** Problem description **
With the pictures removed, write out the full listing below exactly.

** Collected material **
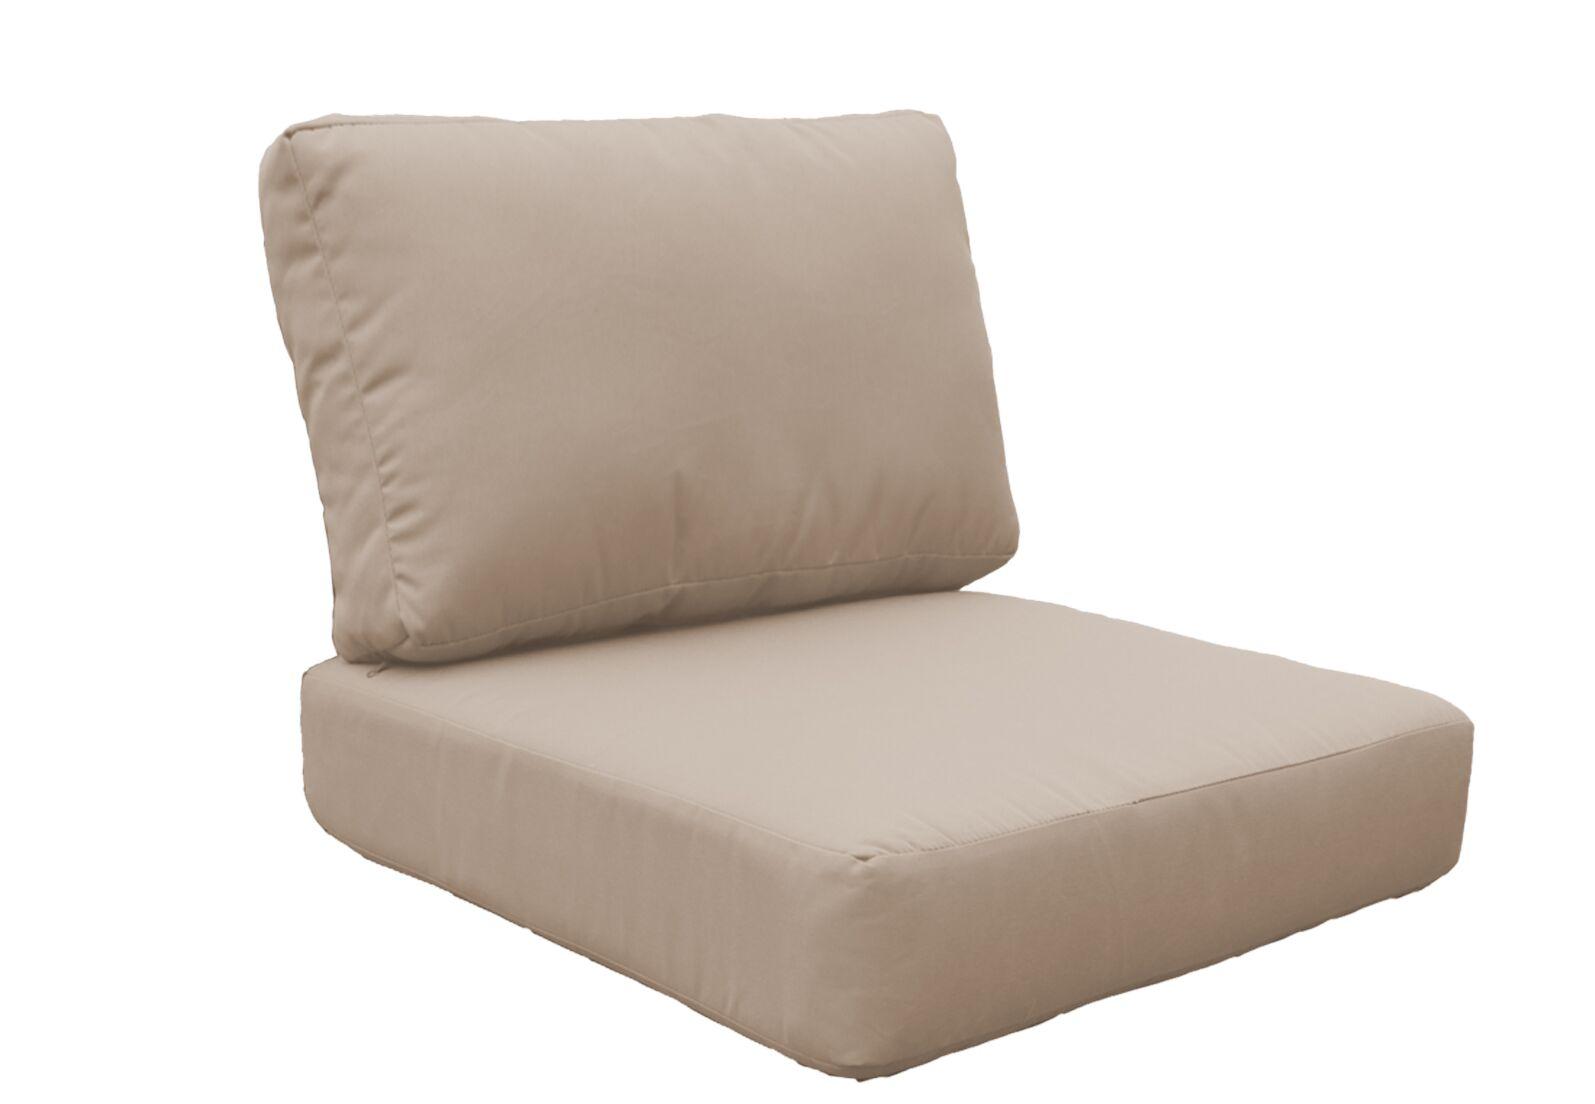 Miami Outdoor Lounge Chair Cushion Fabric: Wheat
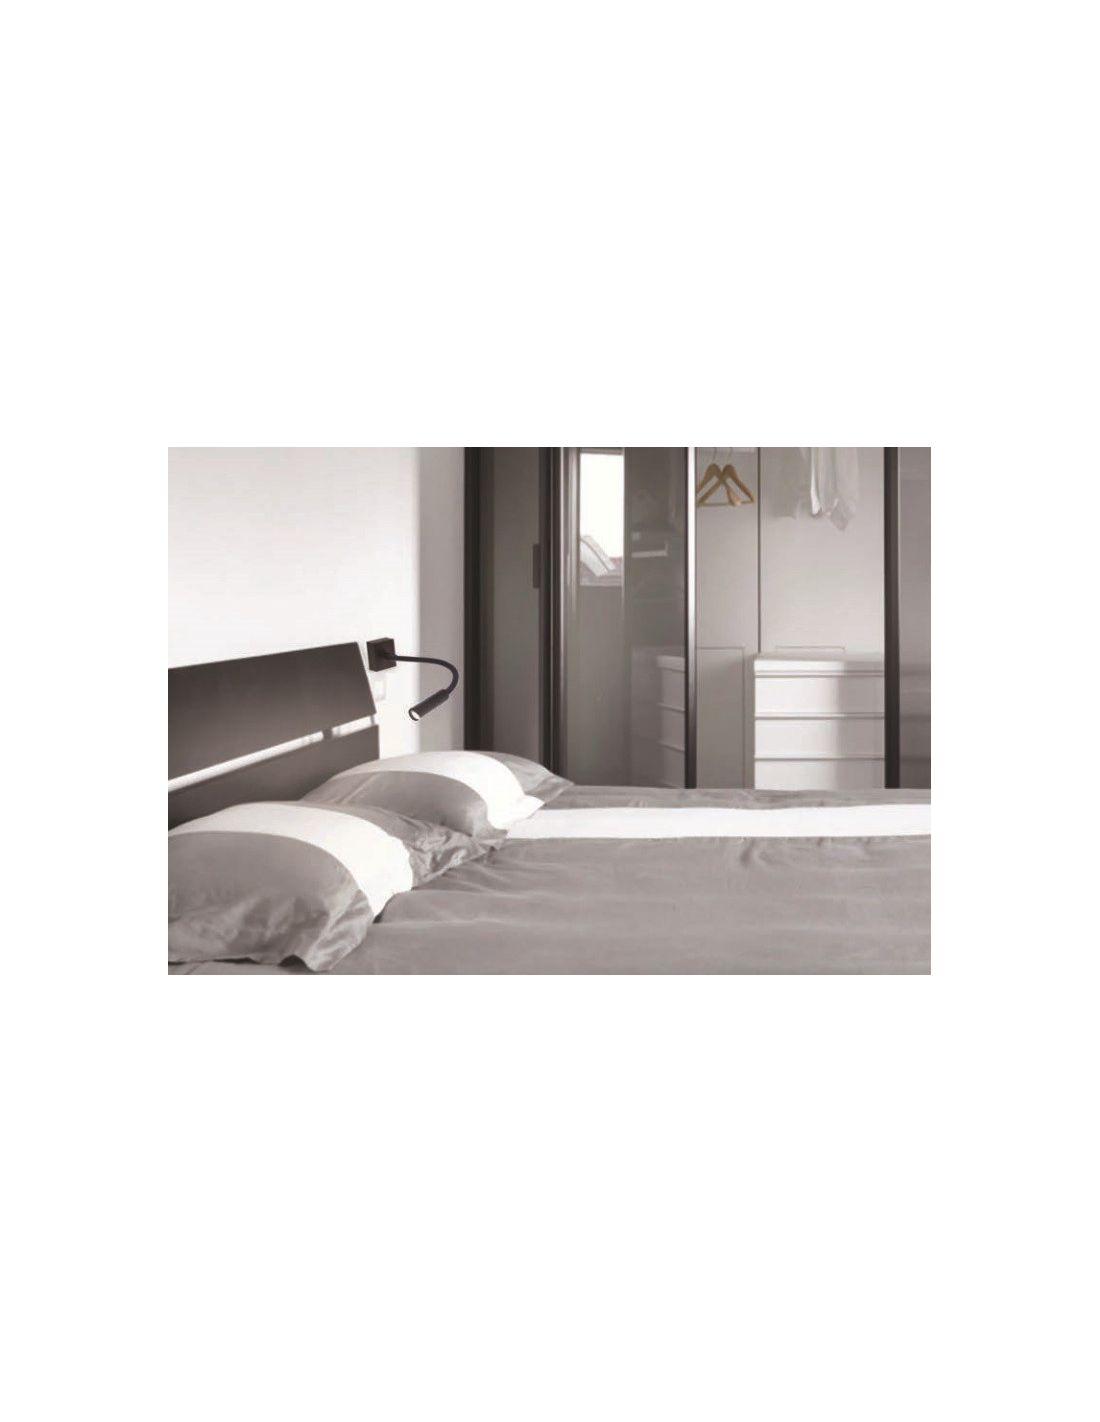 Apliques para cabecero de cama con flexo env o r pido y for Cabeceros de cama zaragoza
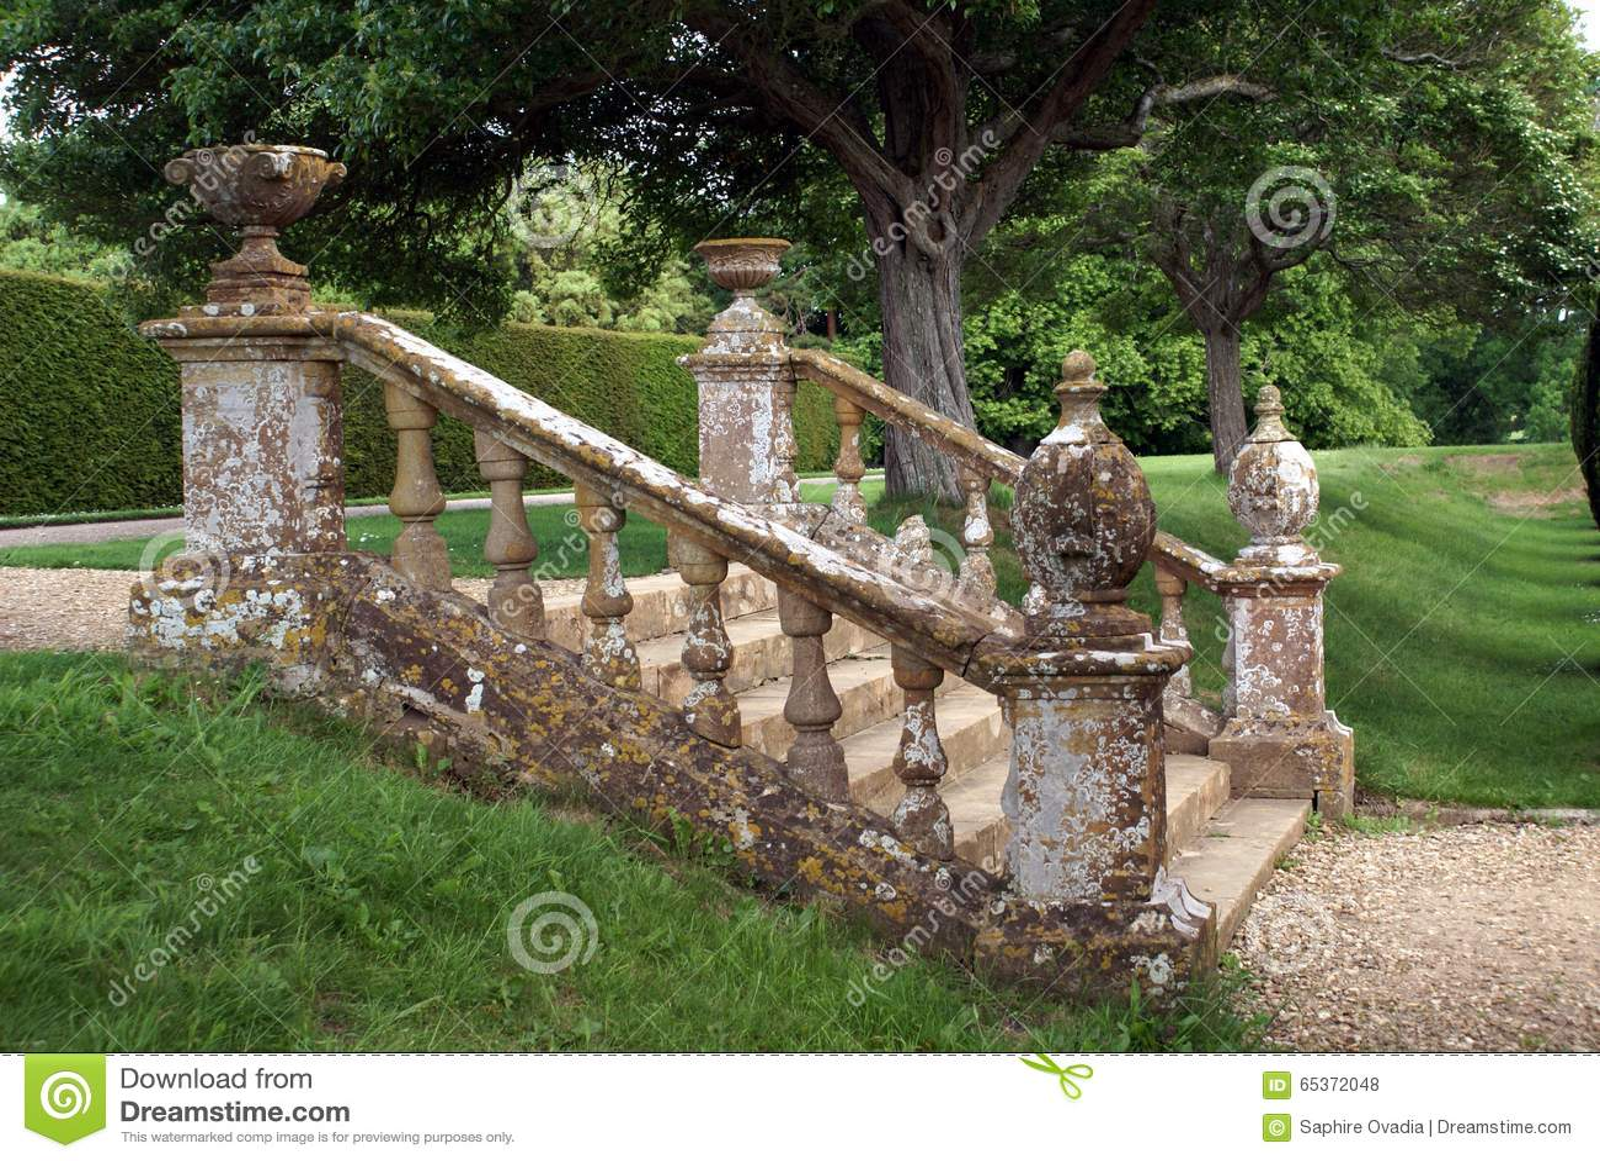 Decorative Garden Steps With A Balustrade, Urns, & Globes. Stock ...

** Answer section **
 Miami Outdoor Lounge Chair Cushion Fabric: Wheat
 Apliques para cabecero de cama con flexo env o r pido y for Cabeceros de cama zaragoza
 Decorative Garden Steps With A Balustrade, Urns, & Globes. Stock ...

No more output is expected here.